As of 11:48 a.m. EDT, the stock was up 8.9%.
According to Bloomberg, of the nine analysts who weighed in on the stock, eight rated it a buy, further evidence that the market is bullish on the e-commerce star -- its shares have already doubled since its IPO at $18 a share. In a market full of debutantes, Revolve seems to have benefited from actually being profitable, a rare attribute in the newest crop of IPOs.
Several analysts praised the stock, including Jefferies' Randal Konik, who said, "Revolve is the future of retail and brand marketing with its digital commerce platform built on a data-driven backbone and an enviable influencer ecosystem," and gave it a price target of $60, higher than any other analyst.
Oliver Chen of Cowen joined the chorus, saying, "Revolve is well-positioned to grow its active user base as it captures fashion-focused Millennial and Gen-Z shoppers through its on-trend assortment, its influencer-based marketing model, and its emphasis on experiential events to promote the brand."

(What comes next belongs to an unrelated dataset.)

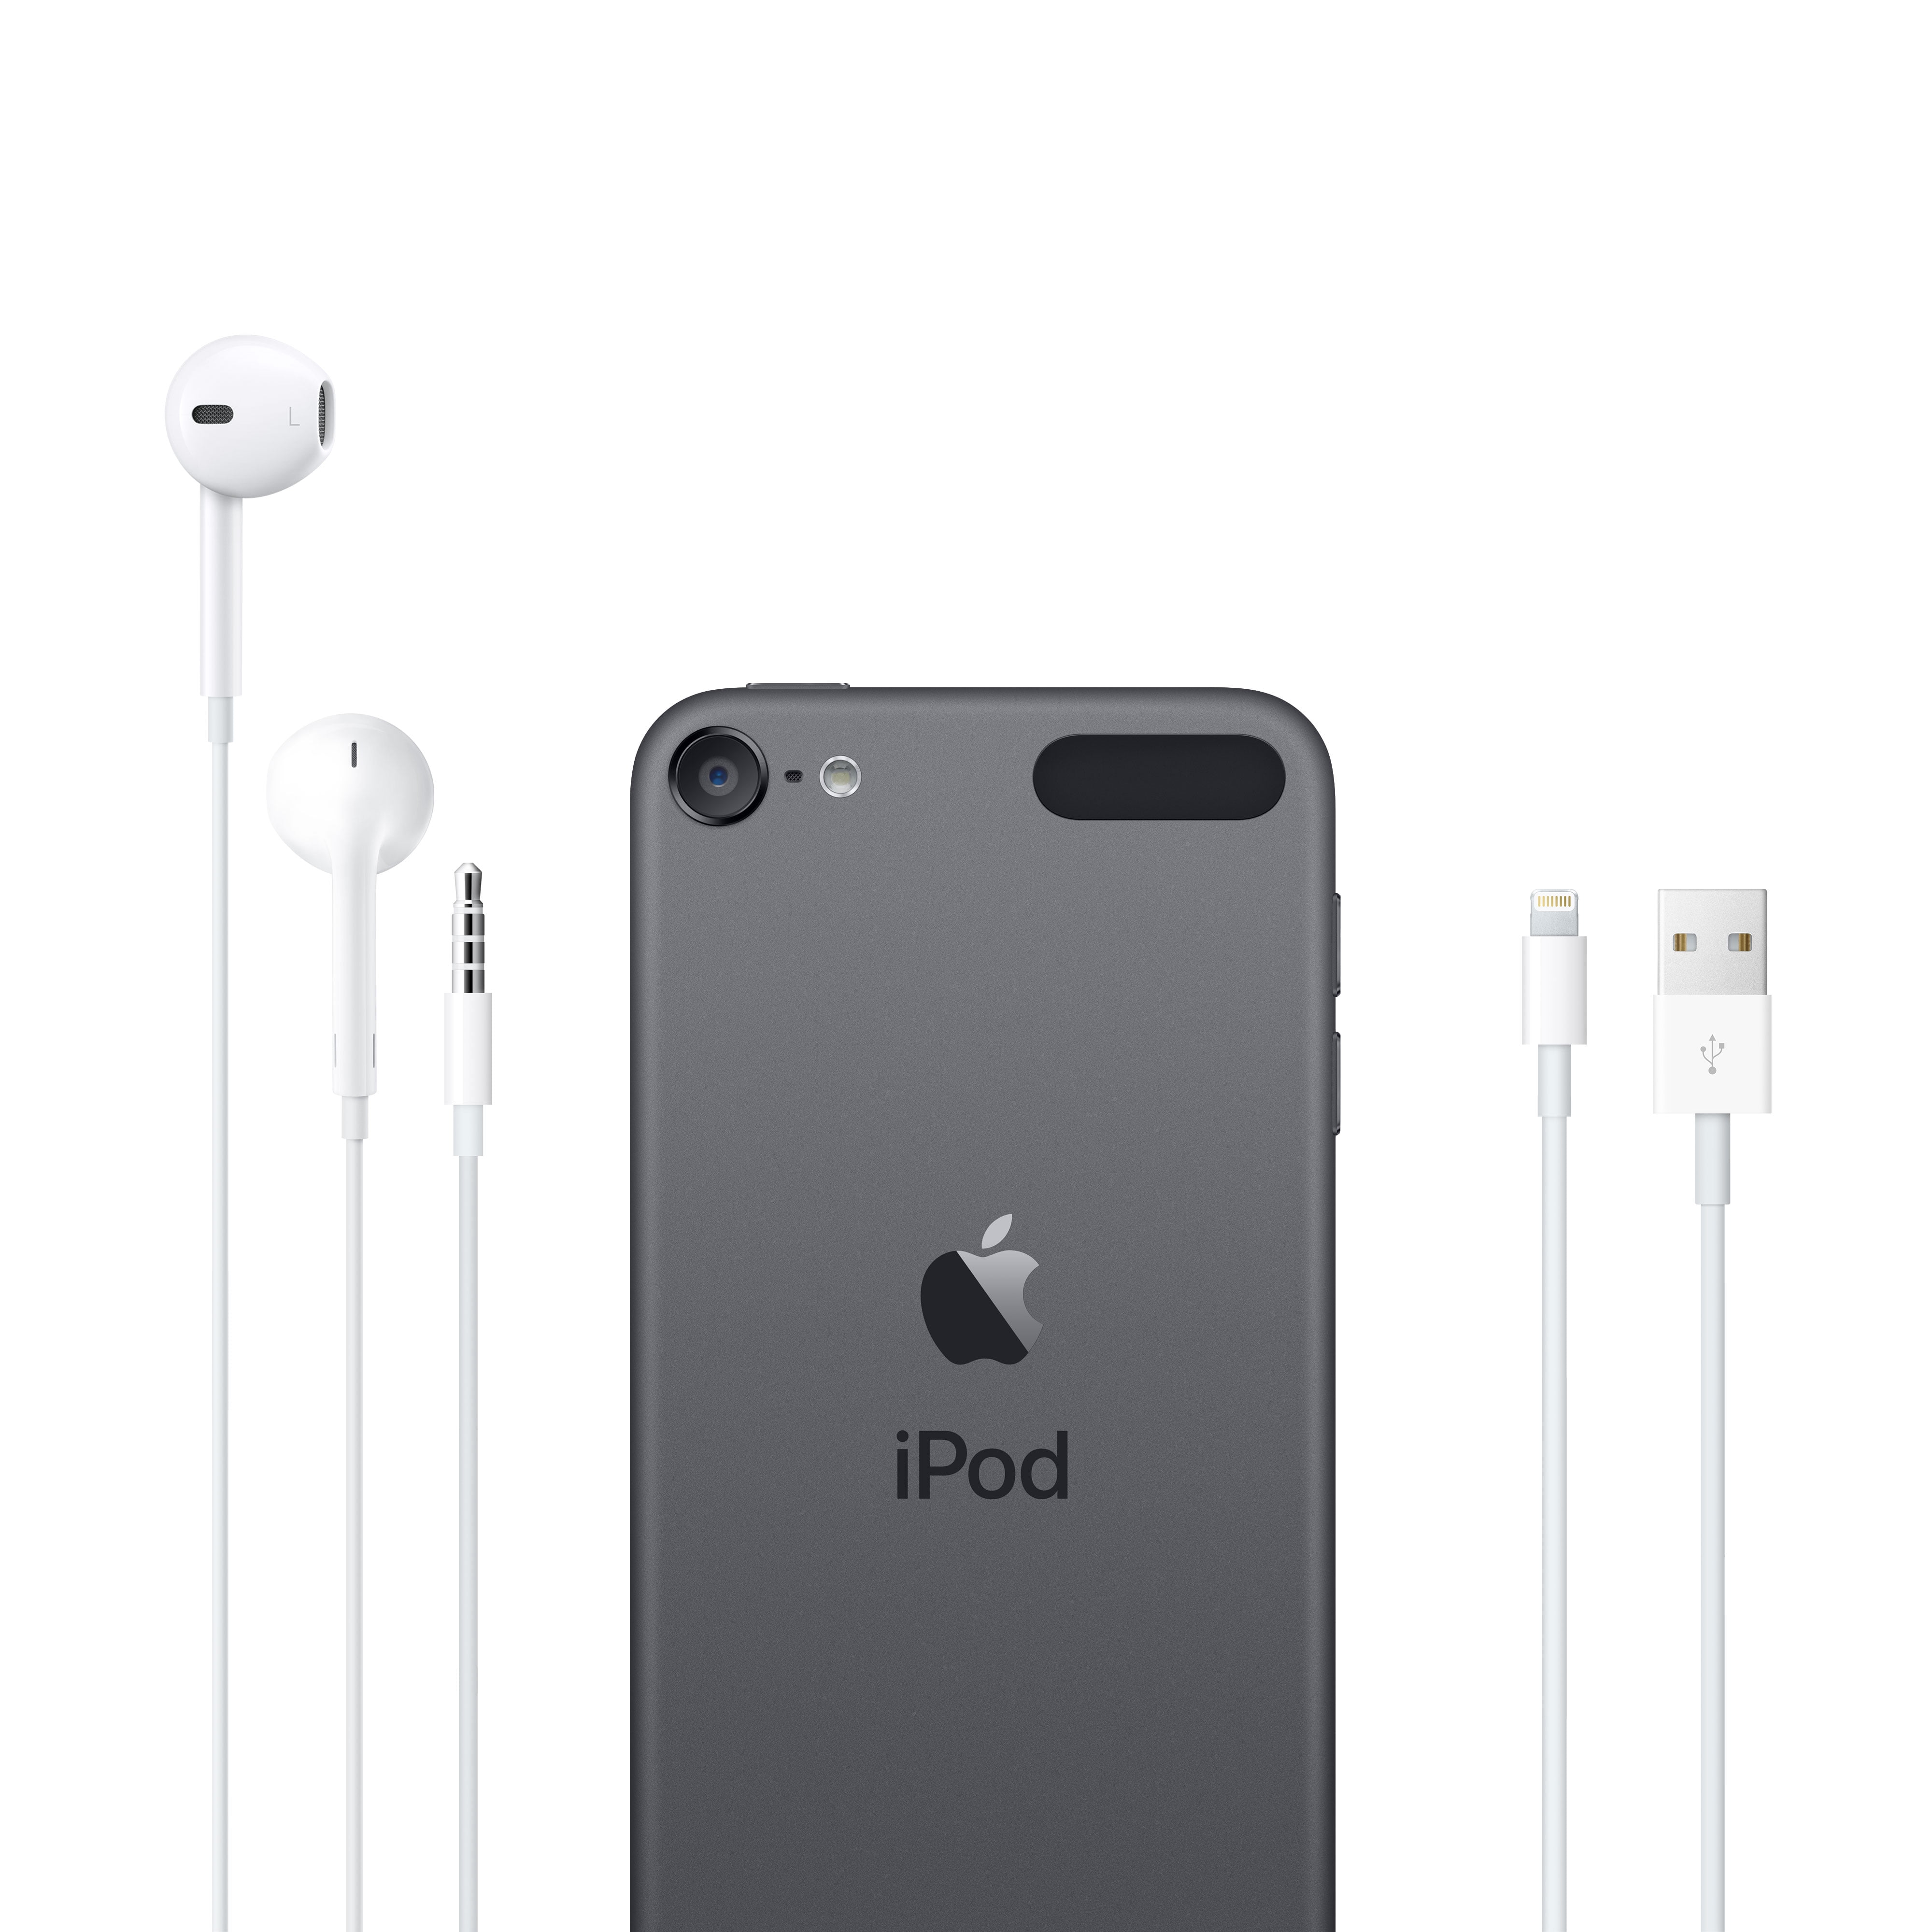 Apple iPod touch 7th Generation 128GB - Space Gray (New Model)

The lone hold rating came from Barclay's Ross Sandler, who liked the company's business model and financials but was concerned about the valuation.
It's clear that e-commerce is disrupting and permanently altering the apparel industry. And while there have been a number of losers, including department stores and mall-based chains, that have been forced to close stores, Revolve Group has been a clear winner. The company has carved out a niche with a growing demographic of young shoppers. Revenue grew 25% last year to $498.7 million with $30.6 million in profit, and it has enviable gross margins at 53%.
However, after the post-IPO surge, the stock isn't cheap, trading at a P/E ratio above 80. Whether Revolve can deliver the growth to justify that high valuation, especially with e-commerce competition increasing, remains to be seen.